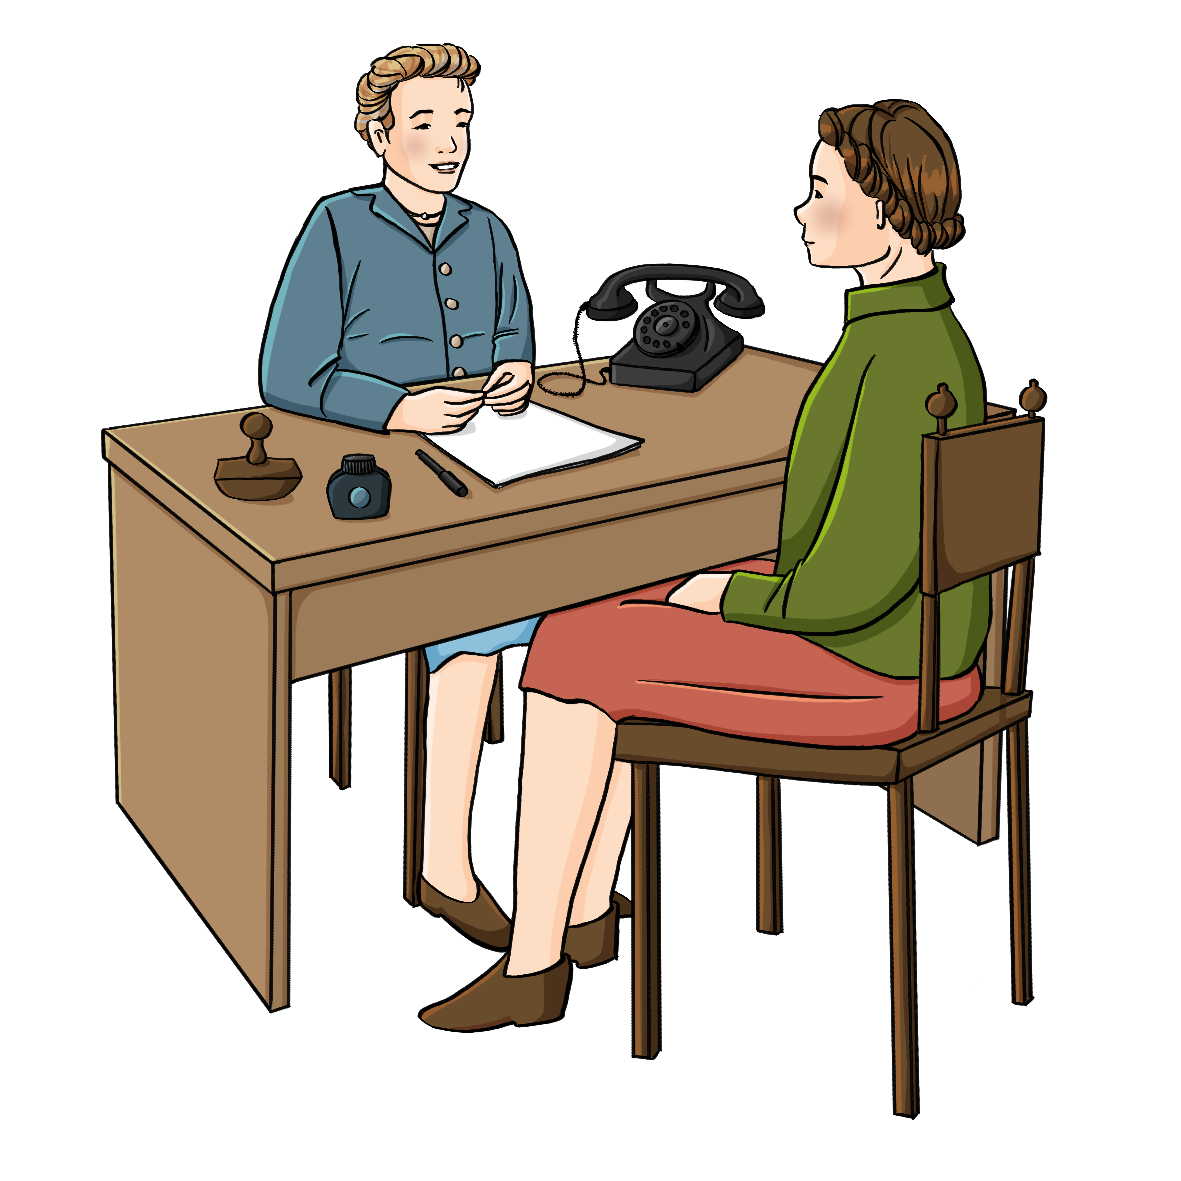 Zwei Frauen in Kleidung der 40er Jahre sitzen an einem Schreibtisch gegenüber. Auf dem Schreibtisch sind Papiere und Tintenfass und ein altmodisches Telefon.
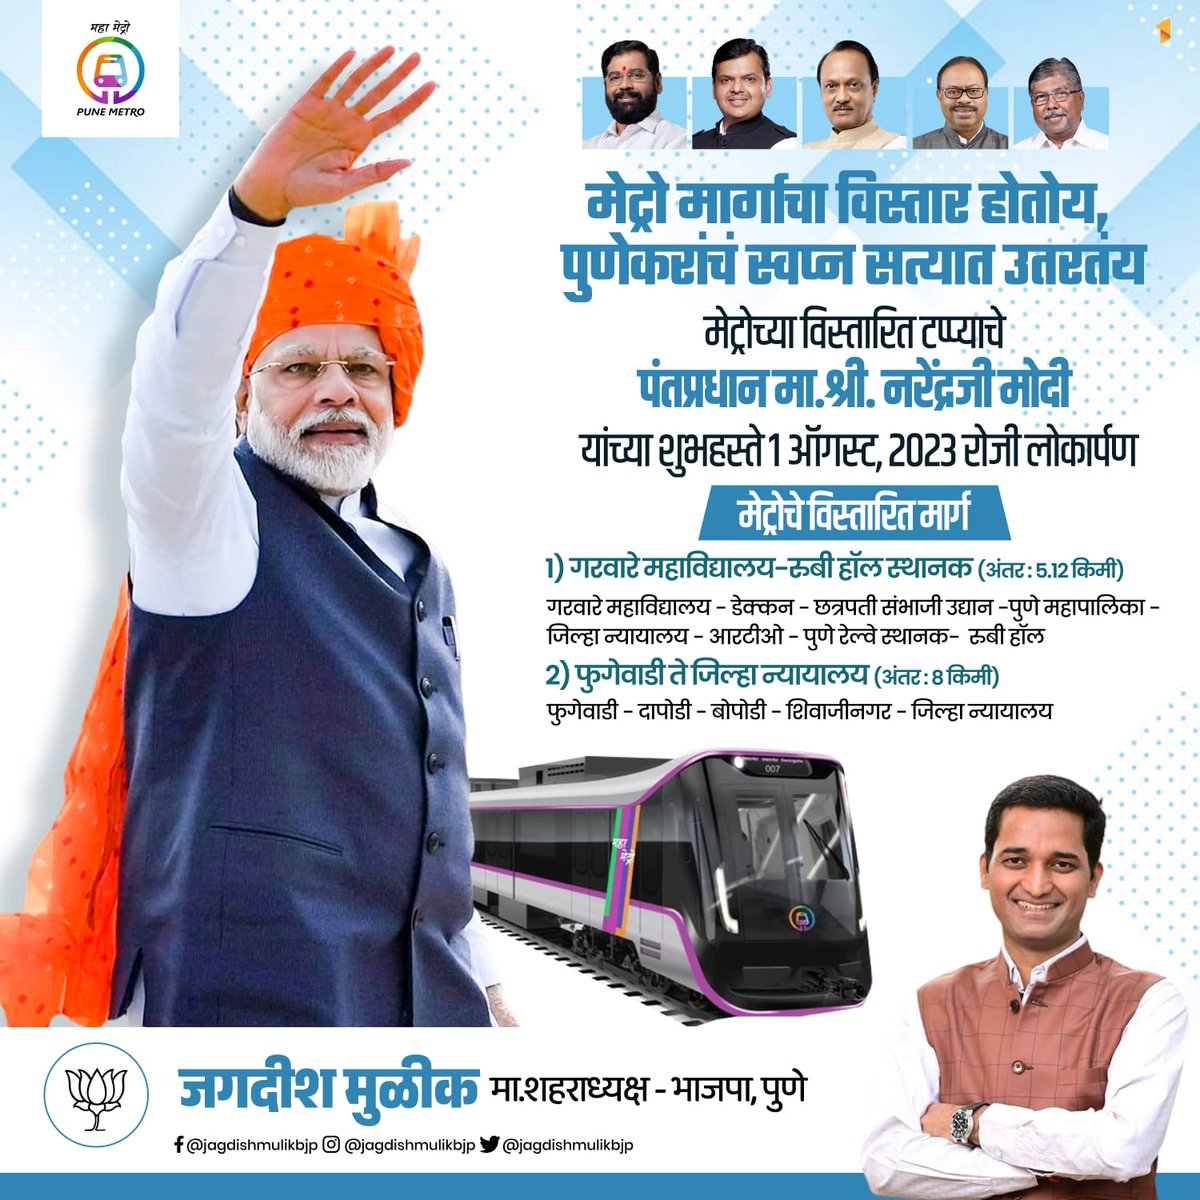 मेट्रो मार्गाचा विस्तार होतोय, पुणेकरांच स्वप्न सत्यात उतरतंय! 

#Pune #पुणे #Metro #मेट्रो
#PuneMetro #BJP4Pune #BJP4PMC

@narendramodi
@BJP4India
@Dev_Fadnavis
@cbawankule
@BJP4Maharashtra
:::
- What to work on -
Only the text of the records is to be reproduced exactly; skip the pictures.

- Solution for this problem -
 Zwei Frauen in Kleidung der 40er Jahre sitzen an einem Schreibtisch gegenüber. Auf dem Schreibtisch sind Papiere und Tintenfass und ein altmodisches Telefon.
 मेट्रो मार्गाचा विस्तार होतोय, पुणेकरांच स्वप्न सत्यात उतरतंय! 

#Pune #पुणे #Metro #मेट्रो
#PuneMetro #BJP4Pune #BJP4PMC

@narendramodi
@BJP4India
@Dev_Fadnavis
@cbawankule
@BJP4Maharashtra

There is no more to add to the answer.